WHAT YOU SHOULD DO
Return the lines of the material below exactly, beginning with the line that has "Al Gore at the" in it and finishing with the line that has "Blacksmith Kevin Paxton" in it. Leave all pictures aside.

DATASET EXCERPTS
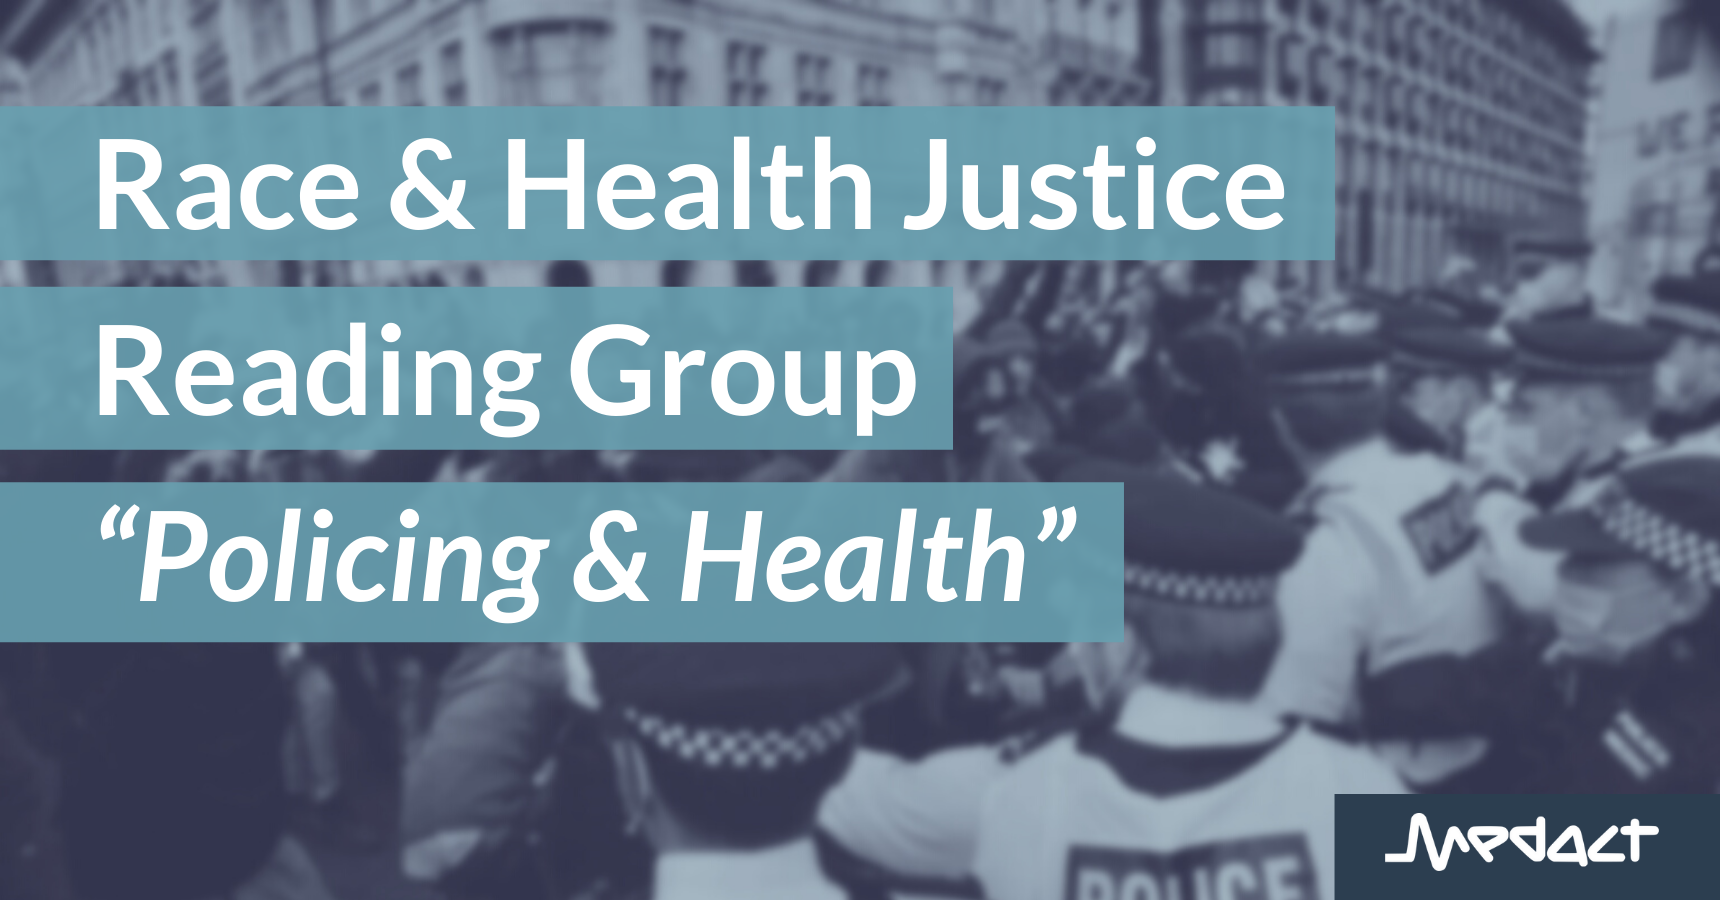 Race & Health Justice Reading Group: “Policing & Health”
==
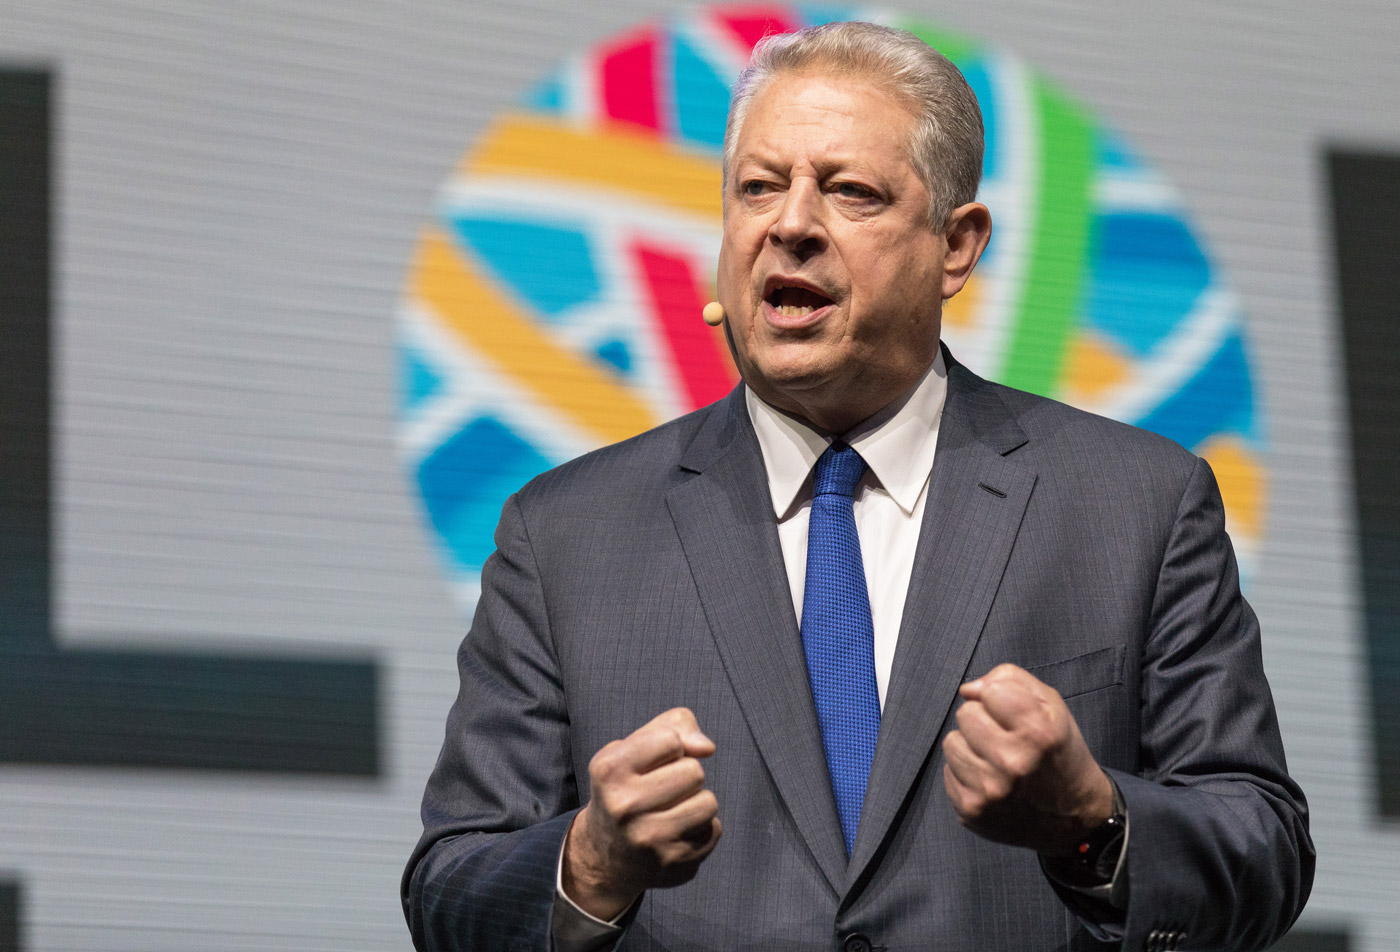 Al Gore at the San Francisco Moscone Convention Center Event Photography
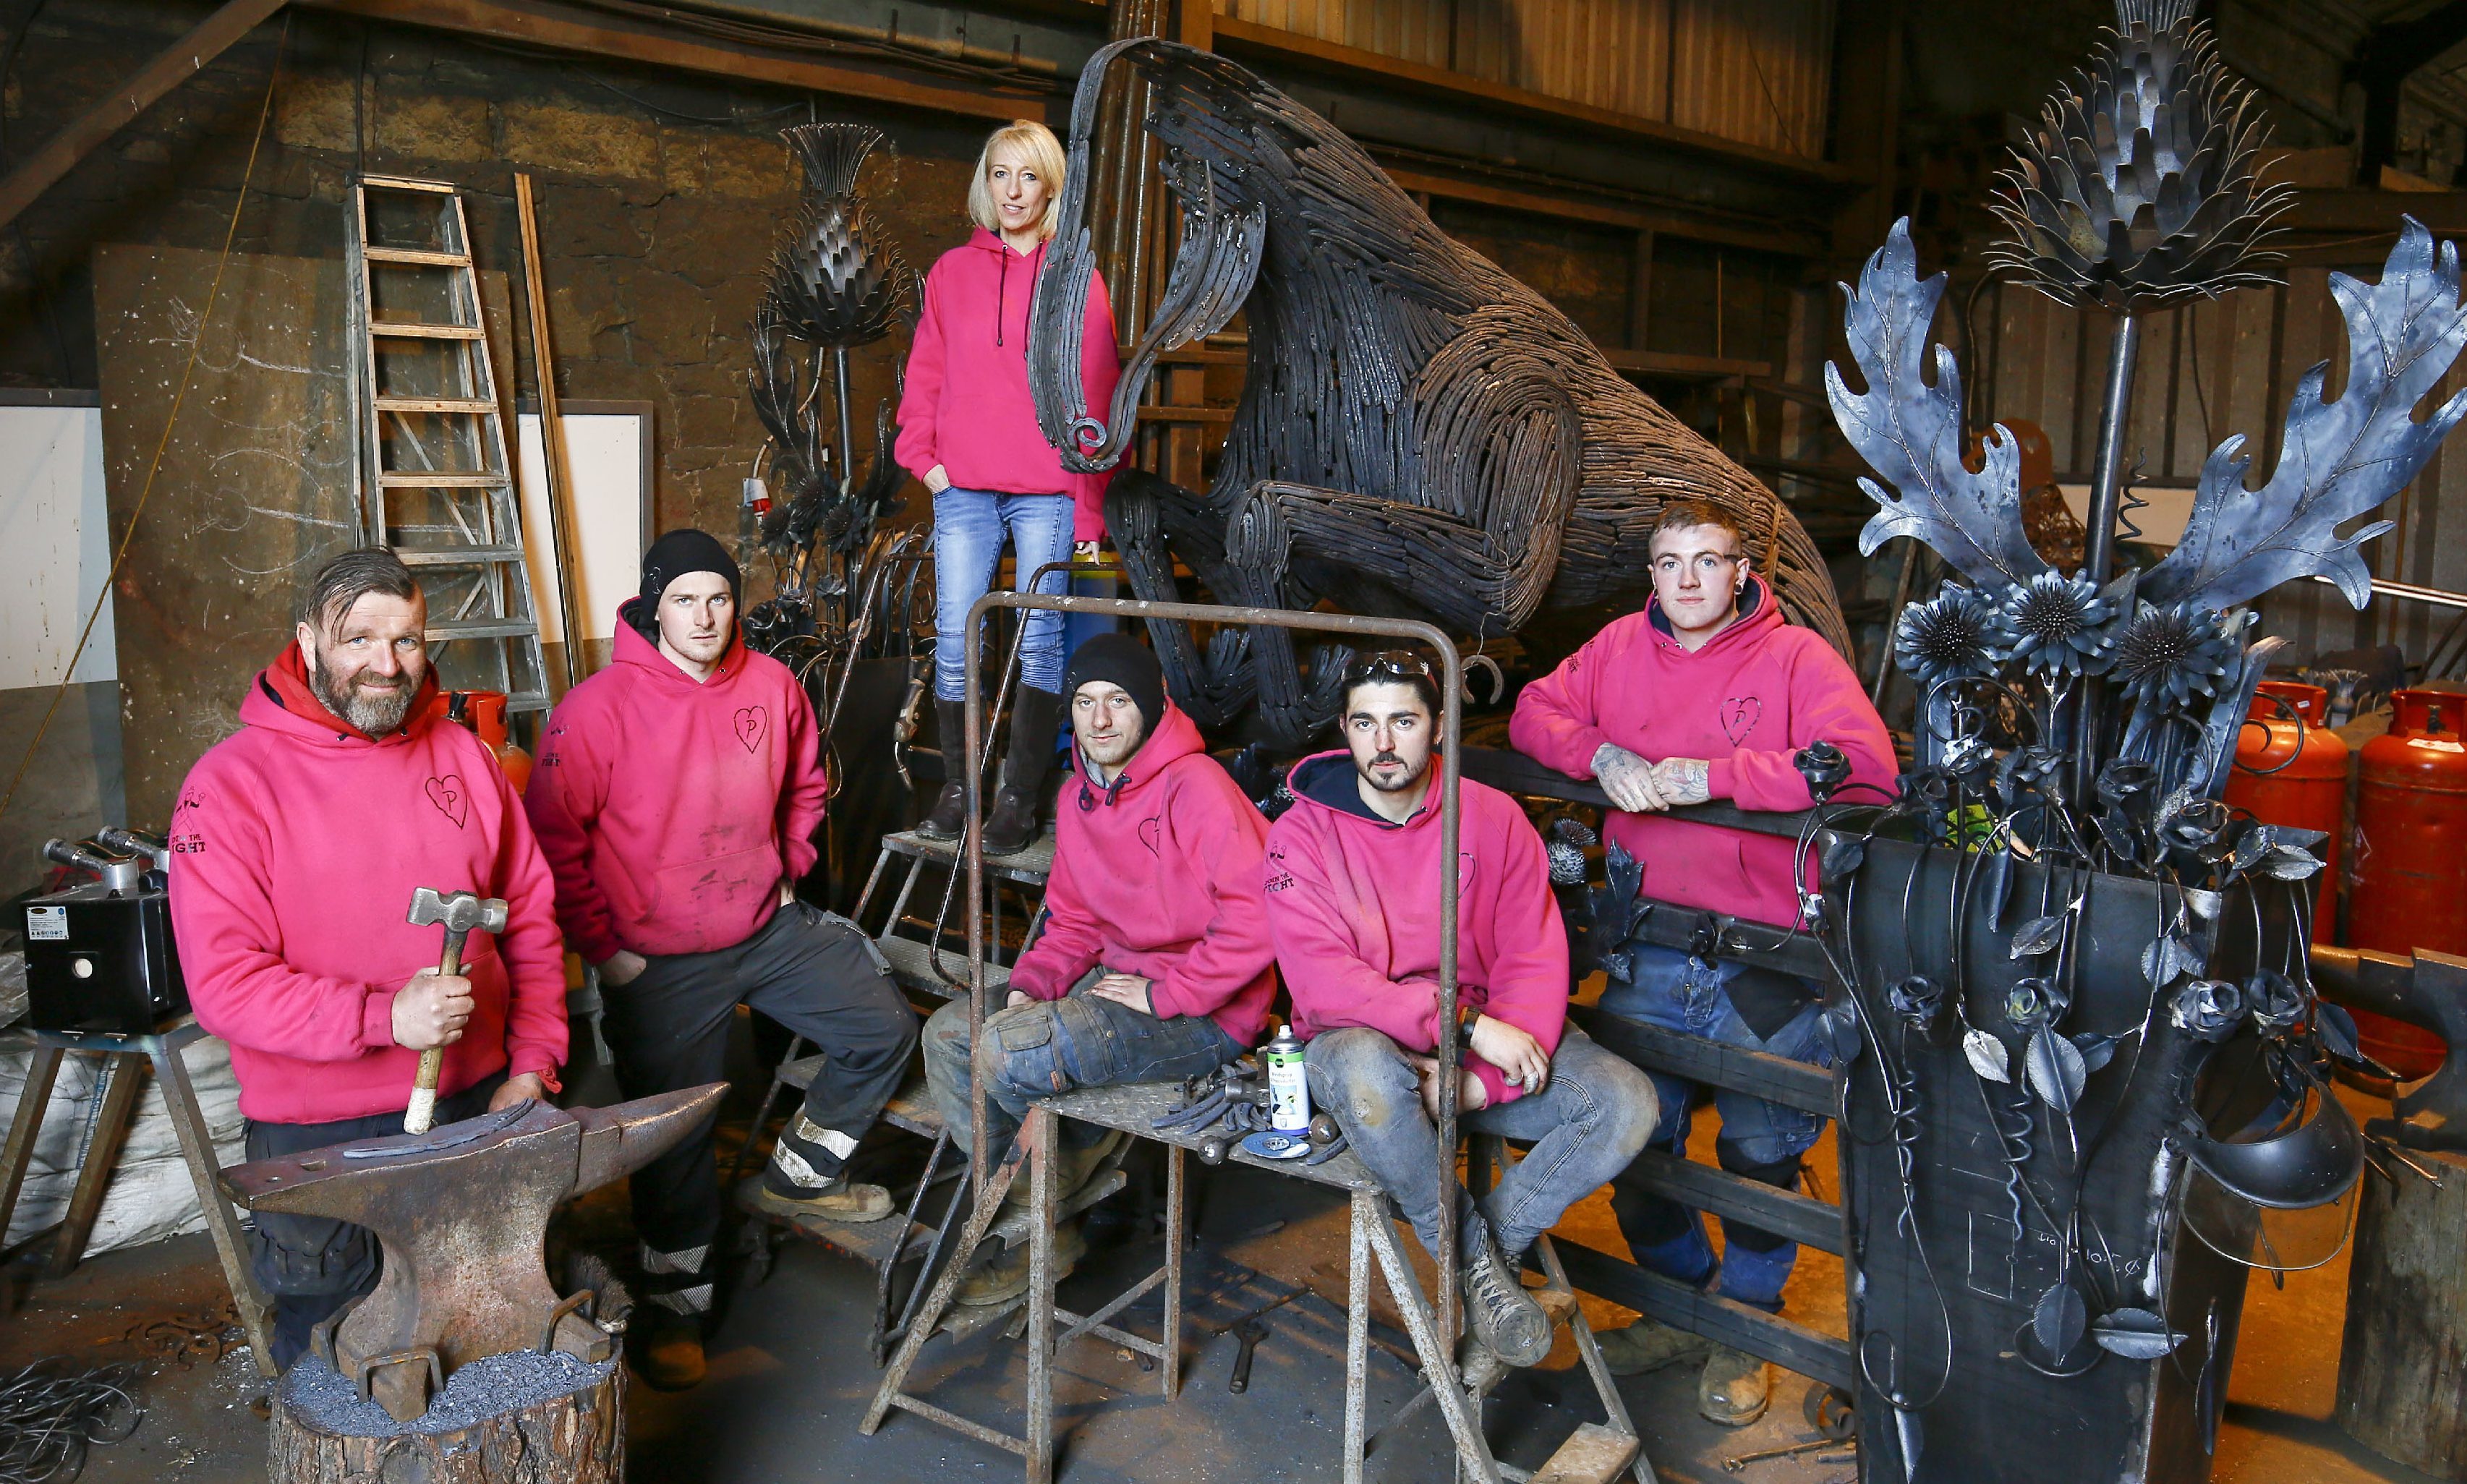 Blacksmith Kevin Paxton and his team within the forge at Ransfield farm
--
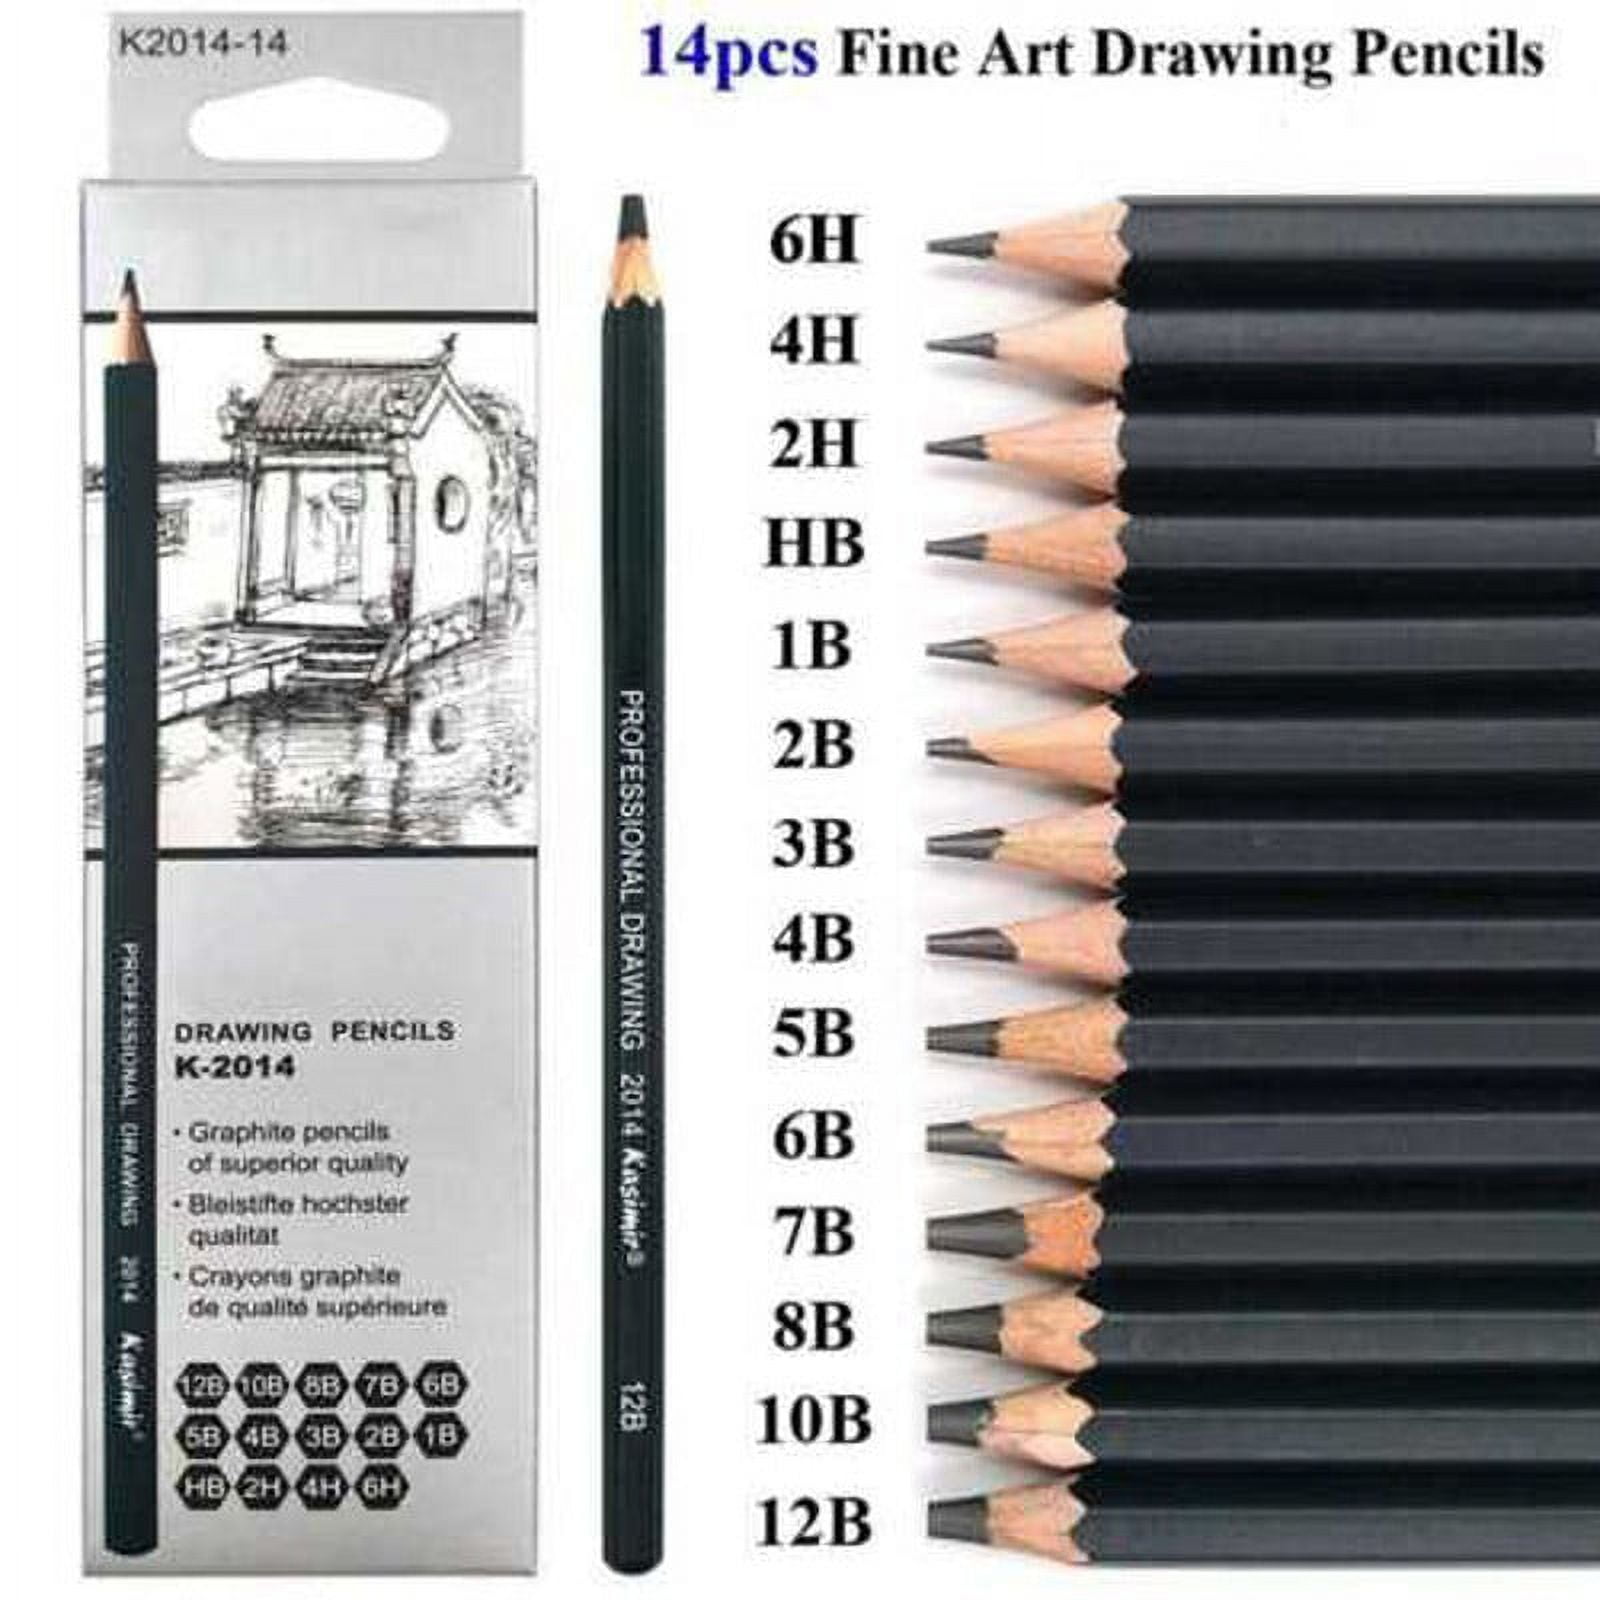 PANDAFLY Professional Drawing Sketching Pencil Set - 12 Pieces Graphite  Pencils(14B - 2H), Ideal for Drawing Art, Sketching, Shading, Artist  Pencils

WORKED SOLUTION
 Al Gore at the San Francisco Moscone Convention Center Event Photography
 Blacksmith Kevin Paxton and his team within the forge at Ransfield farm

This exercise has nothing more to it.